Le mouvement anti-arménien de grande envergure a commencé assez inopinément en avril 1915. Certains faits arrivés sur le théâtre de guerre dit caucasien [allusion au petit nombre d'Arméniens de l'Empire ottoman qui se sont engagés pour combattre avec l'armée russe], faits qu'on ne saurait nier, ont fourni très à propos au gouvernement turc le prétexte pour se ruer d'abord, comme des fauves déchaînés, sur les Arméniens des six "vilayets" orientaux [provinces de l'Empire ottoman] ou arméniens proprement dits et de faire table rase d'une façon sanglante, sans aucune distinction entre hommes, femmes et enfants (…). Les premières centaines de milliers de victimes arméniennes en furent le résultat (…). Mais ce ne fut pas tout malheureusement ! Le gouvernement turc est allé plus loin, bien plus loin. Car il visait le peuple arménien tout entier, et non seulement en Arménie, mais partout où il habitait, en Anatolie et dans la capitale (…).
En général, les déportés étaient transportés par de longues étapes à pied, mille fois brutalisés et violés en route, jusqu'à la frontière des territoires de population arabe ; et là-bas, dans la montagne aride, sans ressource, sans abri autre que de misérables petites tentes sales et froides, sans vivre, sans la possibilité de gagner un peu leur existence (…), ils attendaient la mort lente, mais presque certaine.
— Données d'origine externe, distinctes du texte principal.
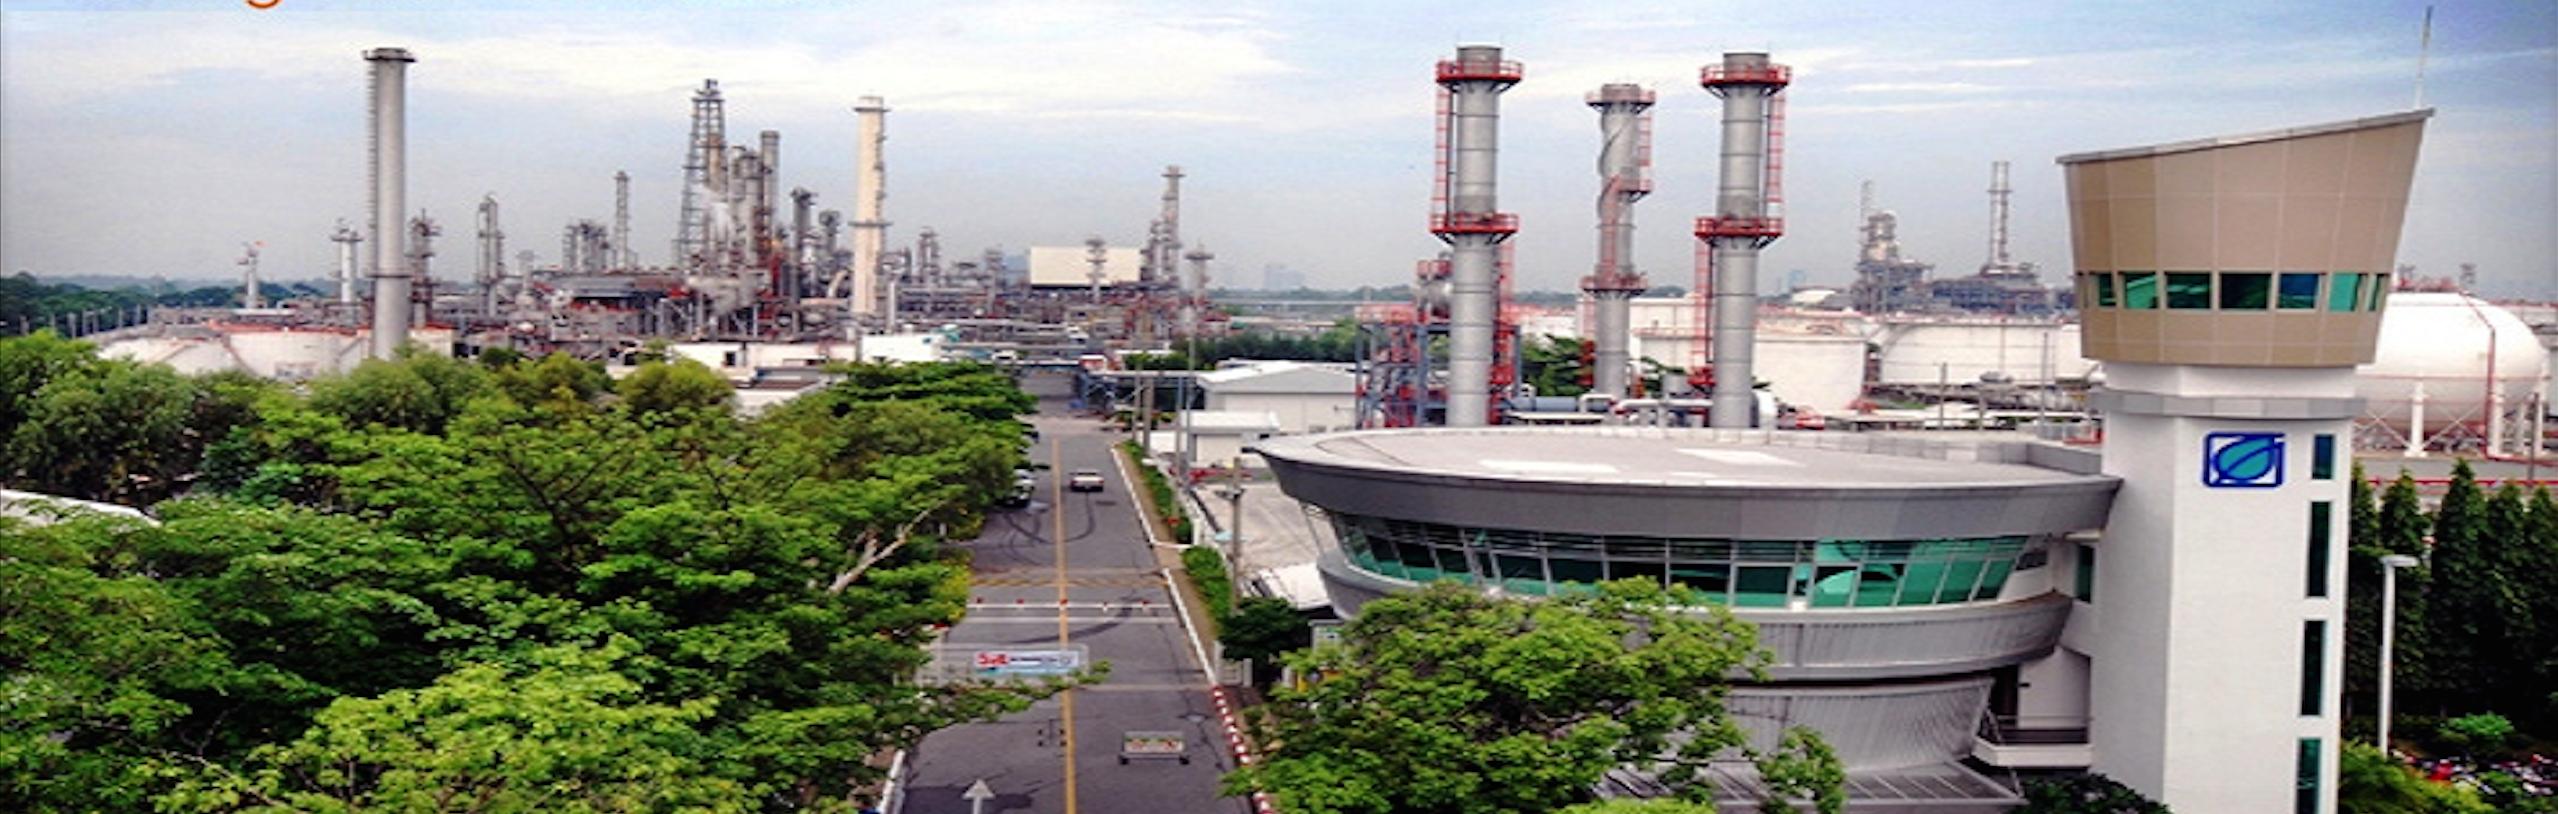 Nhớt xe ô tô tổng hợp BCP Thái Lan nhập khẩu dành cho xe động cơ xăng - GE SILVER - SAE 10W40 - API SN/CF - 1L

Mais toujours, sans exception, les hommes furent séparés des femmes et enfants et transportés dans une autre contrée ; ce fut la caractéristique de ce système des déportations qui devaient détruire la racine même de ce peuple, en brisant tous les liens de famille ! Ainsi disparaissait peu à peu une très grande partie du peuple arménien.
Harry Stuermer, Deux ans de guerre à Constantinople, 1917
Note : Malgré son information, l’Allemagne n’a rien fait pour contraindre le gouvernement ottoman à interrompre les massacres parce que l’intérêt militaire a prévalu.